I Salute Amazon

December 3rd, 2010 § 0 comments § permalink

on their recent $44,000 grant to Words Without Borders, supporting literature in translation and “a small organization weathering difficult economic times,” as WWB’s Managing Director Joshua Mandelbaum puts it. For all its size, WWB has proven a doughty and enduring champion of world lit, steadily growing in size, influence, and readership since its first issue in 2003. I owe them, and especially editor Susan Harris,  a special debt of gratitude: Words Without Borders was the first periodical ever to publish a translation of mine, Georges-Olivier Chateaureynaud’s “Delaunay the Broker,” in November 2005. Since then, I’ve had the luck to become a steady contributor, and watch the magazine evolve into the force it is today. I am deeply honored to be on its masthead as a Contributing Editor  for Graphic Fiction.

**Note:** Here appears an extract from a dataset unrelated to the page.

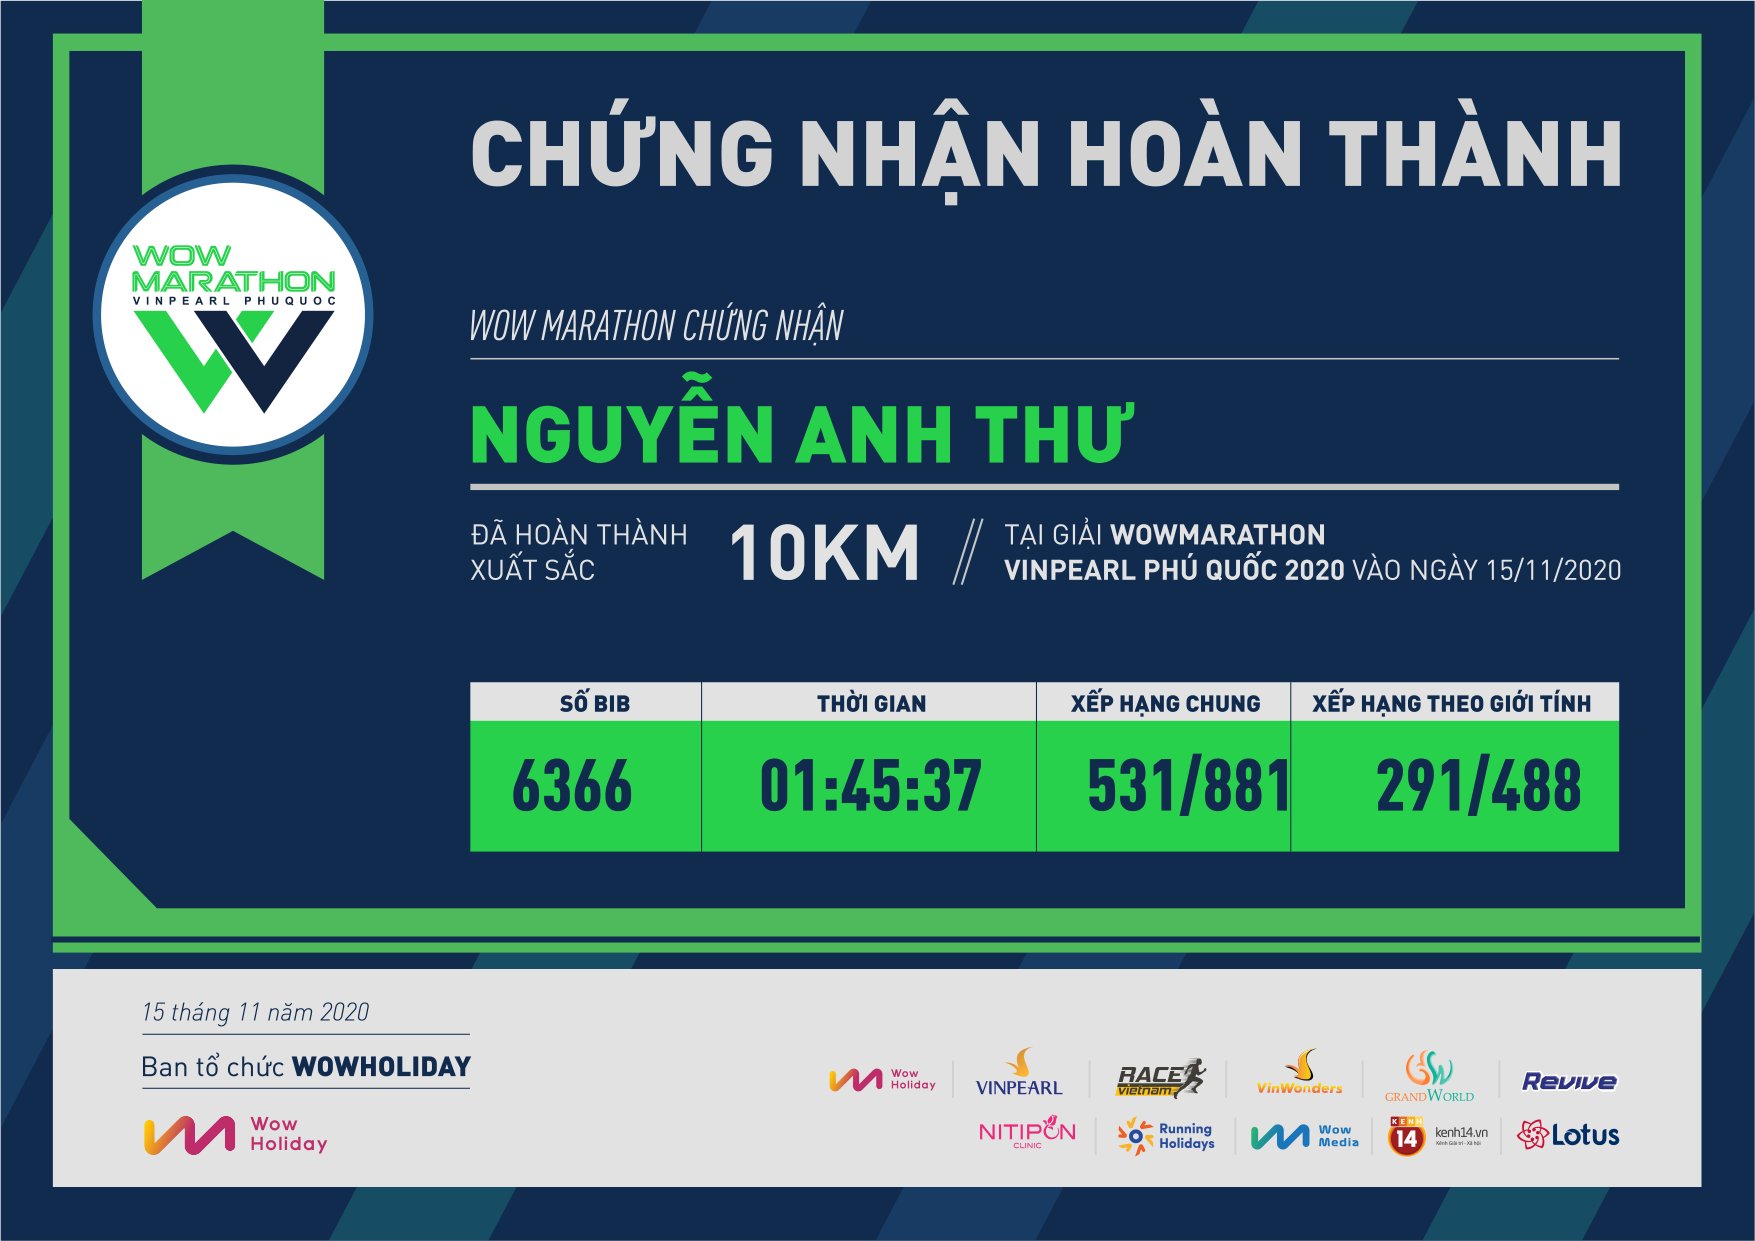 6366 - Nguyễn Anh Thư

My favorite part of all this good news is surely that

This grant, the largest they’ve given to date, will cover all our author and translator fees for 2011 and allow us to raise our payments to both.

Words Without Borders is already exemplary in being among the few magazines who have always defended translators’ rights. They always find a way to pay the translator, and are, as far as I know, alone in undertaking rights negotiations with foreign publishers and agents on the translator’s behalf. As any translator will tell you, especially beginners or struggling freelancers, this is a boon like no other, a saver of time and livelihood, a preventer of gray hairs.  Most magazines put the burden on the translator to obtain proof of permission and submit it with the manuscript.

As Mandelbaum notes,

I know some people consider Amazon.com’s business practices antithetical to our efforts, and see these grants as smoke and mirrors. The truth, I believe, is more complicated. The problems and struggles of literary publishing are not the fault of any one company or organization, and solutions must be taken up by the publishing community as a whole, including the reader.
Dear readers, this holiday season, please consider donating to Words Without Borders!